Una cosa es el poder representativo, la democracia representativa de base electoral, esencia de la democracia burguesa, donde el pueblo “delega” su poder, su autoridad y su suerte en sus “representantes”, quienes salen del pueblo y van a ocupar el poder central en sus distintas ramas y aparatos. Otra cosa es el poder del pueblo, el pueblo en el poder, abajo, sin delegados ni representantes, autónomo, soberano, dueño de su destino, con autoridad y control sobre un territorio también autónomo, de tipo local y/o regional. Un poder que bien puede tener una cabeza, pero que es nada sin su cuerpo, el conjunto del pueblo. Cabeza que, por tanto, no puede separarse del cuerpo sin decapitarse, pues sin él es impotente.

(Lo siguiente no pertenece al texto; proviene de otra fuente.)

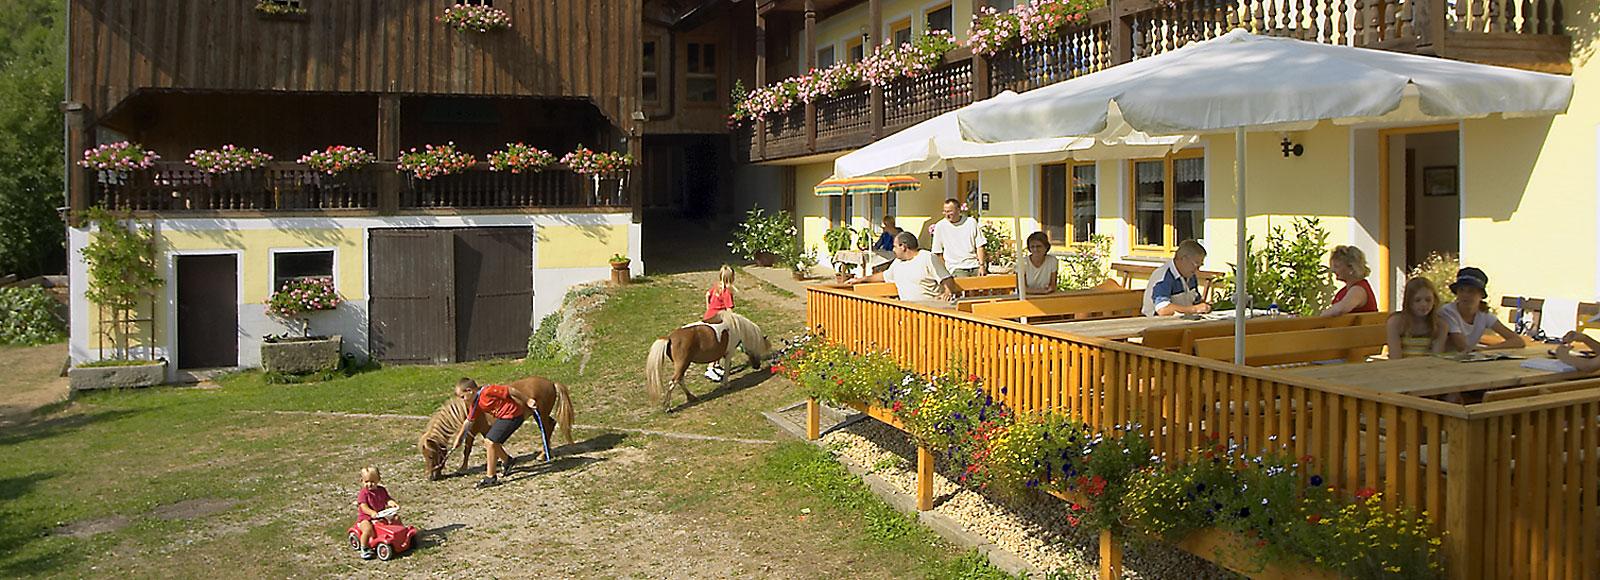 Ferienhof in Bayern - Familienurlaub

No puedo dejar de pensar que una de las causas del resultado de los procesos revolucionarios vividos en los países exsocialistas está en la política de construir estados por completo centralizados, una de las características que asumió la lucha de clases en ellos e instrumento de la burguesía y demás clases dominantes para retener el poder. En Rusia, después de la toma del poder central, los bolcheviques tuvieron que conquistar el resto del país, en muchos casos por la guerra. Esa fue la política de Stalin en los últimos años de la década del veinte: la conquista violenta de la enorme mayoría de la Rusia rural, la conquista de los campesinos y la imposición del poder central sobre ellos. Allí, la política inicial de “todo el poder para los soviets”, para los obreros, los campesinos, los soldados organizados en la base y por todo el país, se transformó en la realidad de un Soviet Supremo, central y todo poderoso y, más tarde, en la dictadura centralizada del partido único.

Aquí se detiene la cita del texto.